Research
Neural surrogates & generative models for particle physics.
Simulation sits between theory and data. We use machine learning to
accelerate it in the forward direction, to invert it through
simulation-based inference, and to probe what the trained models
actually represent.
Generative models & fast simulation
Generating events from first principles is expensive. We develop neural
importance sampling and generative models that learn the structure of matrix
elements and phase space, producing fast, statistically reliable samplers that
plug into the standard simulation pipeline.

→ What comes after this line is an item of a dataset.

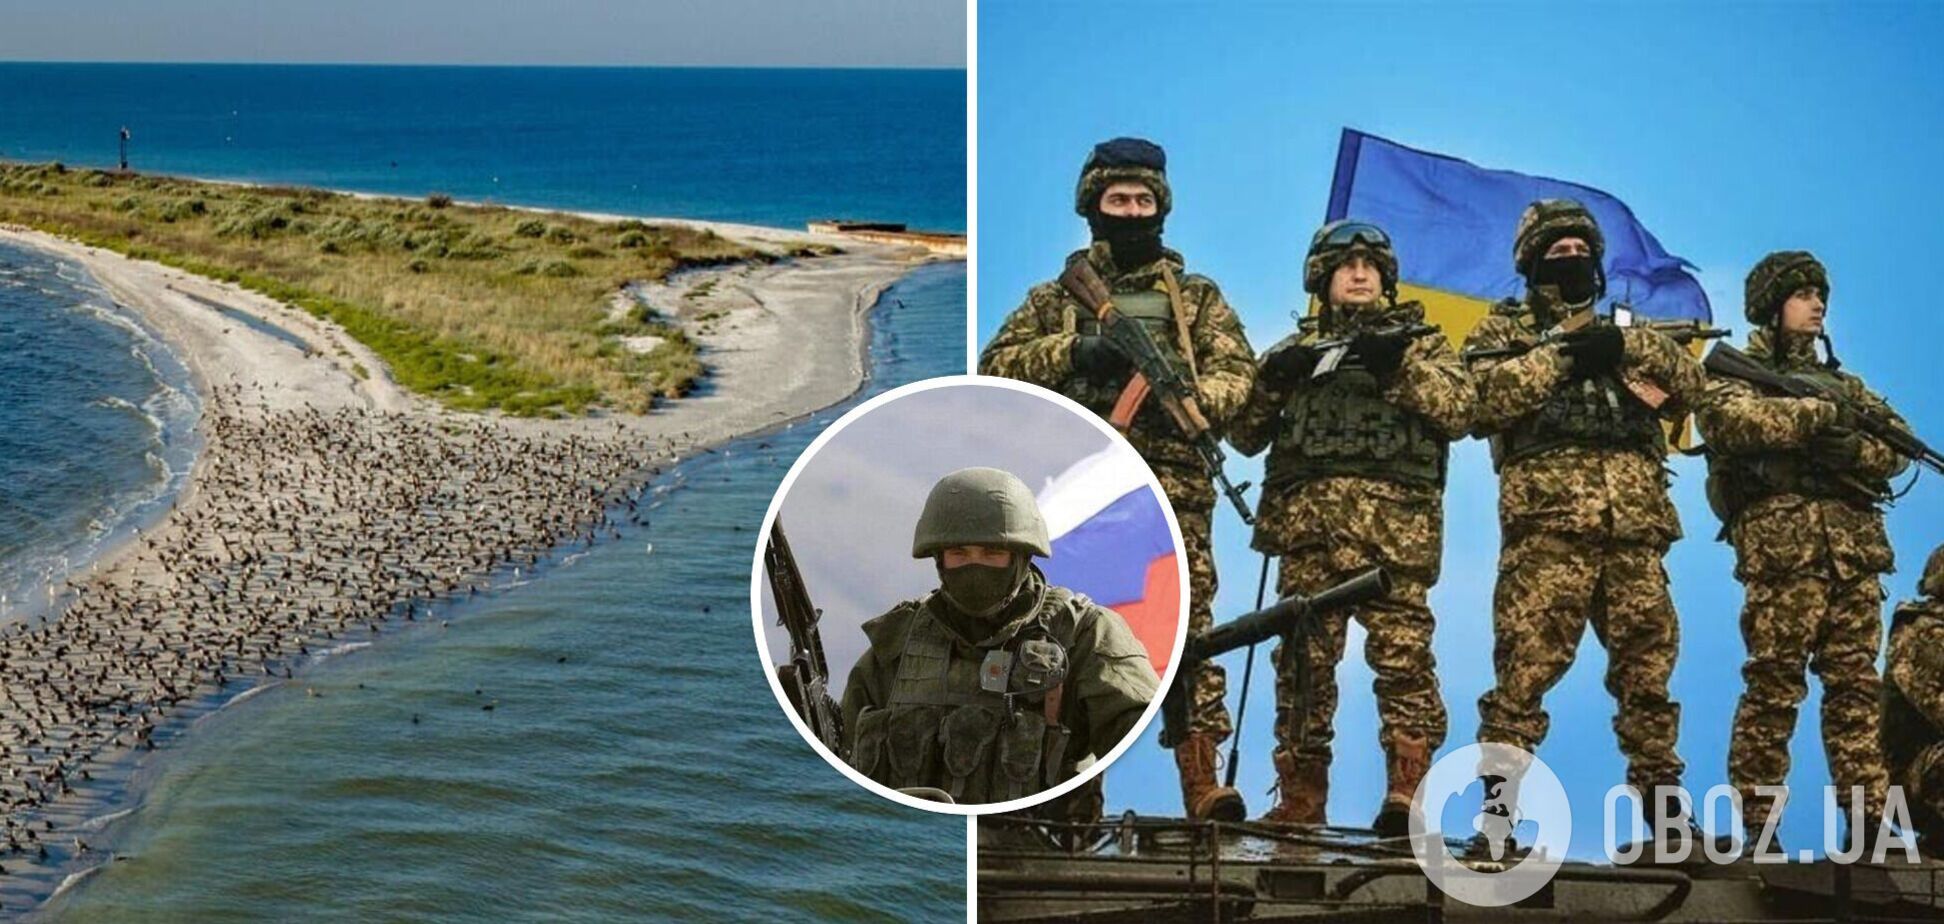 Кінбурнська коса, де йде операція ЗСУ, має стратегічне значення для подальшої деокупації півдня України – ISW

Neural surrogates & uncertainties
A neural prediction is only useful if its uncertainty is meaningful. We study
how to train surrogates and ML-based fits that are calibrated at the level of
the physical observables they feed into — a question that is central to
machine-learning determinations of parton distribution functions, where the
NNPDF approach treats uncertainty estimation as a first-class goal.
Inverse problems & simulation-based inference
Simulation also runs backwards: from data to the underlying physics. We work on
inverse problems such as unfolding, and on simulation-based (likelihood-free)
inference, where neural networks make parameter estimation possible even when
the likelihood cannot be written down explicitly.
Interpretability
Machine-learning models in high-energy physics are powerful but often opaque.
We work on making learned representations transparent — connecting what a
classifier, a tagger, or a parton-distribution fit encodes to known physical
observables, so that an ML result can be understood and trusted, not just used.
A thread through all of it: validity
Across these directions, one question recurs: when can a
machine-learning model in physics actually be trusted? We care about
methods that are not just accurate but calibrated, robust, and
interpretable. This cross-cutting interest connects our work to
community efforts on the validation and statistics of ML in
fundamental physics — including the
PhyStat series and
the VERaiPHY initiative on robust AI for physics.
Tools we build on & contribute to
The group is part of
MCnet, the international
Monte Carlo event generator network, through its Milan node.